Specifically, for example, in the case where N may be 4, referring to fig. 3, for example, in the case where the input image is "512 × 1" (where 512 × 512 is the resolution (i.e., size) of the semantic features of the input image, and 1 is the number of semantic feature channels of the input image), first, the semantic features of a fourth scale may be upsampled, and decoding may be performed using a fourth decoding layer based on the upsampled semantic features to obtain a fourth prediction result (denoted as "512 × 512 ″' 2" in fig. 3);

secondly, the semantic features of the fourth scale may be upsampled, the upsampled result may be concatenated with the semantic features of the second scale to obtain a first concatenated result (denoted as "128 × 640" in fig. 3), the first concatenated result may be upsampled, and the second decoding layer may be decoded based on the upsampled semantic features to obtain a second prediction result (denoted as "512 × 512" 2 in fig. 3);

then, the semantic features of the third scale are upsampled, and decoding is performed by using a third decoding layer based on the upsampled semantic features to obtain a third prediction result (denoted as "512 by 2" in fig. 3);

finally, the first concatenation result is upsampled, the upsampled result is concatenated with the semantic features of the first scale to obtain a second concatenation result (denoted as "256 × 704" in fig. 3), the second concatenation result is upsampled, and decoding is performed using the first decoding layer based on the upsampled semantic features to obtain a first prediction result (denoted as "512 × 512" 2 "in fig. 3).

In both of the above two ways of obtaining the prediction result, the nth scale semantic feature (i.e., the smallest scale semantic feature) is directly upsampled, and the nth decoding layer is used to decode to obtain the nth prediction result (i.e., the prediction result of the highest layer) based on the upsampled semantic feature, however, the disclosure is not limited thereto.

Optionally, as described above, the semantic features of the nth scale and the input image input space pyramid structure may be further extracted first, then the further extracted semantic features are spliced and then upsampled, and an nth prediction result corresponding to the semantic features of the nth scale is obtained by using an nth decoding layer based on the upsampled semantic features.

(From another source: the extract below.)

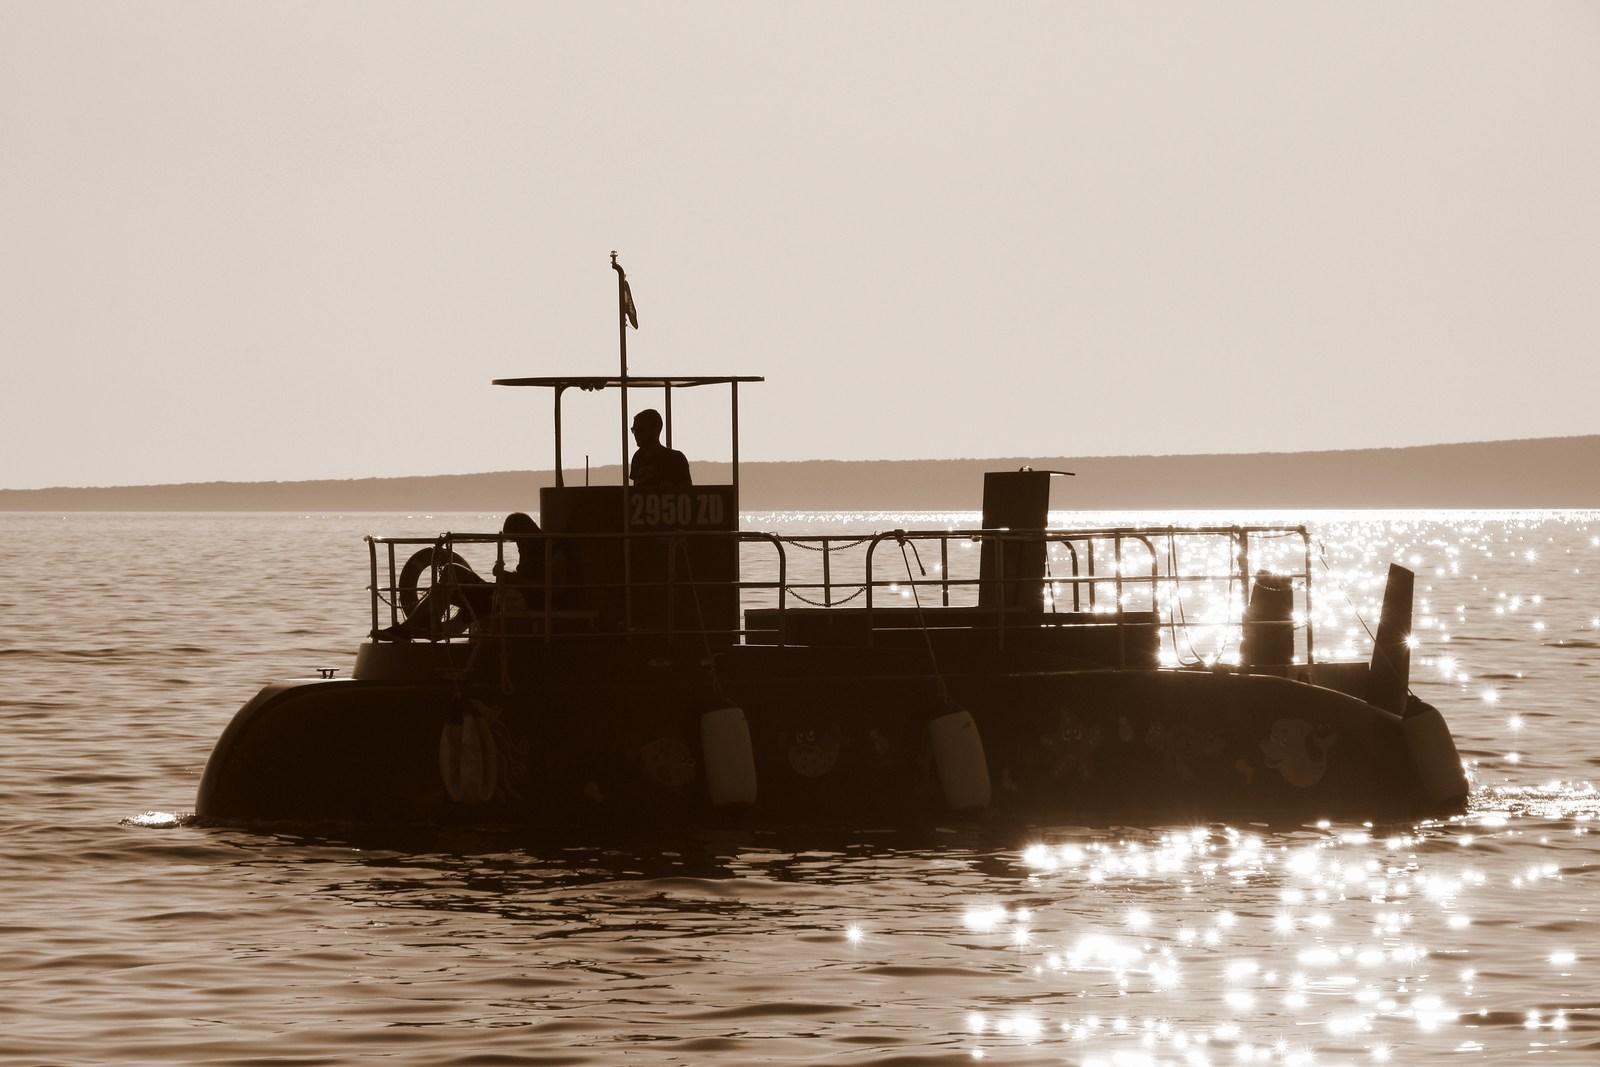 Popolni užitki na krovu turistične ladje.
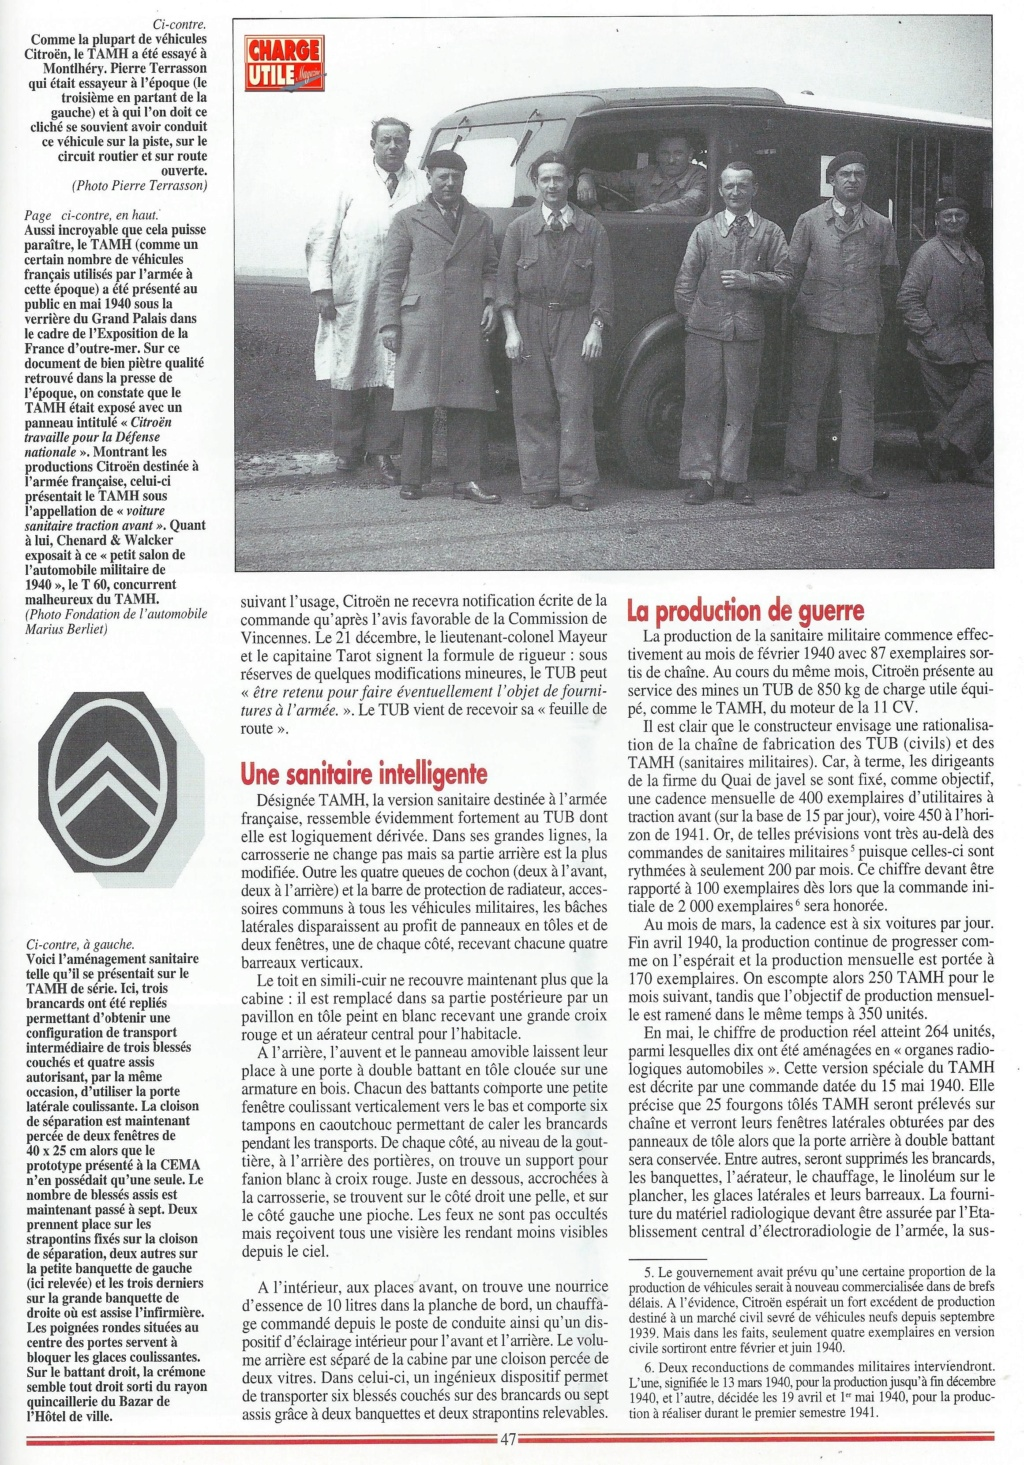 le TUB,TUC et TAMH - Page 3 Mab_0115

For example, as shown in fig. 4, for example, in the case where the input image is "512 × 1" (where 512 × 512 is the resolution (i.e., size) of the semantic features of the input image, and 1 is the number of semantic feature channels of the input image), the semantic features at the fourth scale (denoted as "32 × 512" in fig. 4) extracted by the fourth encoding layer (denoted as "encoding layer 4" in fig. 4) may be input into the spatial pyramid structure together with the input image. In the spatial pyramid structure, the input image may be pooled using a pooling layer, e.g., average pooling, weighted average pooling, etc., resulting in semantic features at the image level (denoted as "32 x 1" in fig. 4). In addition, semantic features at a fourth scale may be convolved with a second convolution layer (e.g., a 1X1 convolution) to enhance the coupling of the semantic feature channels, the resulting image characteristic is denoted "32X 512" in fig. 4, and the semantic features at the fourth scale may be each hole convolved with three first convolution layers (e.g., a 3X3 convolution) at different expansion rates to further capture multi-scale information. Here, as an example, the expansion rates may be 6, 12, and 18, respectively. In fig. 4, semantic features of the image obtained after the first convolution layer processing are all "32 × 512", and then the semantic features of the image obtained after the three first convolution layers, the second convolution layer and the pooling layer processing are spliced and dimensionality reduced to obtain the semantic feature "32 × 512" shown in fig. 4.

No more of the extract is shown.